In the United Kingdom, Abel & Cole – one of the largest online vegetable sales and delivery company – has reported a 25 percent increase in sales orders.

In fact, as at  7 May 2020, the number of people using Abel & Cole website for purchases has increased such that the company is no longer accepting new registrations but only supplying existing customers.

On the other hand, Nourish Organic, an Indian online retailer, experienced a 30-percent sales rise between March and April.

With such potential, the question for SMEs is not whether they should participate on e-commerce but how they can participate.

This is because continued delay in setting up online sales channels will negatively affect the current and potential market share for companies as more consumers will gravitate towards conveniently available goods and services.

Currently, ZimTrade – the national trade development and promotion organisation – is working on an online platform that is expected to house all exporting businesses in the country, including SMEs.

The online platform is a response to COVID-19 where the objective is to improve visibility of Zimbabwean products and services as well as strengthen engagements with potential buyers.

The platform will be tailor-made to make it easy to onboard small businesses, making sure that their offerings are easily identified by potential buyers in international markets.

Outside this initiative, it is important for SMEs to come up with complementary e-commerce services that will make it easy for potential buyers to make order and make payments.

So, what are the important notes for those companies establishing a presence on e-commerce?

The success in successfully transitioning to e-commerce is in knowing your environment and the trends that emerge with in it.

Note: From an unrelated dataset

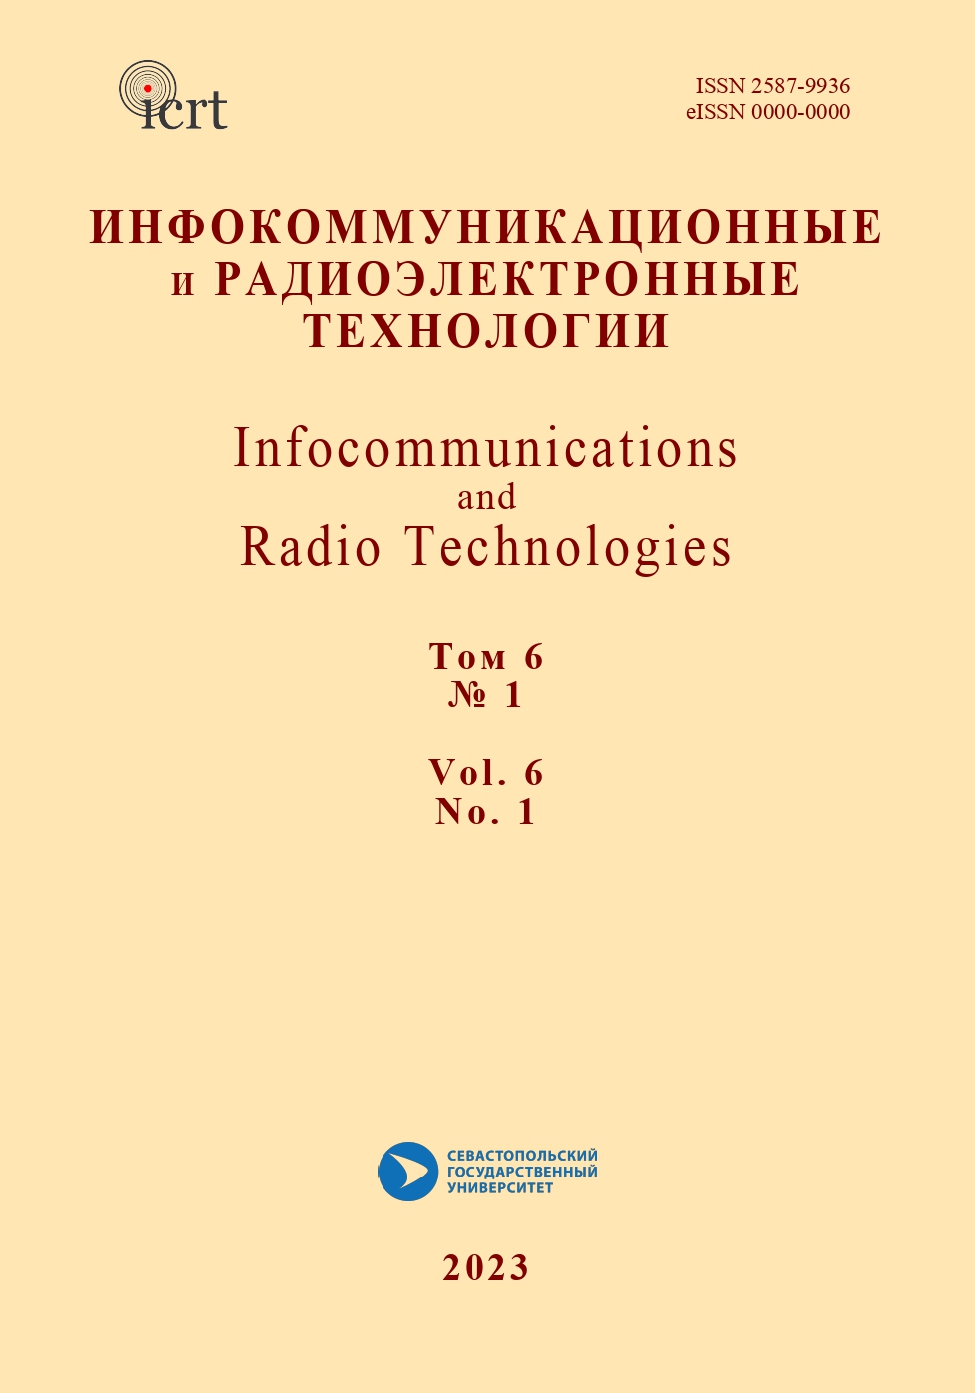             Проект IEEE oral history: академик Ю. В. Гуляев. Часть 3

First, the number of online stores have mushroomed over the last few years and these provide multiple sites for companies to boost their online sales.

Thus, instead of creating online stores some SMEs, which is normally costly to set up and manage, small businesses must consider making use of existing tools.

This is convenient for companies that do not have the budget for creating an individual ecommerce site.

Consolidates supplier platforms can also address the high cost of setting up a local e-commerce platform.

Internationally, most retail stores create their individual ecommerce platform to sell their products.

However, for the Zimbabwean case, more supplier consolidated sites are successfully emerging.

Just like products in a physical store, companies need to understand demand to ensure they are successful in their e-commerce venture.

This means, in some cases, local SMEs might need to alter their products to those that are in consumer demand.

There are also supply gaps that are being created as a result of COVID-19 and SMEs must quickly identify them and push sales.

For example, there has been a sharp increase in demand of re-usable face masks. Already, there are clothing manufacturing SMEs that have changed production priority and are using online stores to reach more people.

One area that SMEs must pay attention to is delivery services.

According to the ITC, delivery services – which are a crucial cog in the success of e-commerce – are on an instant rise in emerging markets and this is true for Zimbabwe and countries in the region.

With improvements in delivery services, it should be easier for local companies to increase supplies in areas cities and countries that do not have a physical presence.

However, the direct delivery option is usually costly for SMEs, because in most cases, their products are not highly priced to compensate for freight charges.

To address the challenge, local SMEs must consider supplier consolidation, especially when they are delivering outside Zimbabwe.

SMEs could learn from this and work with existing service providers so that they do not spend more time on establishing functional payment and delivery systems.

This means emerging SMEs can consider such kinds of partnerships so that they ride on existing platforms to drive their e-commerce agenda.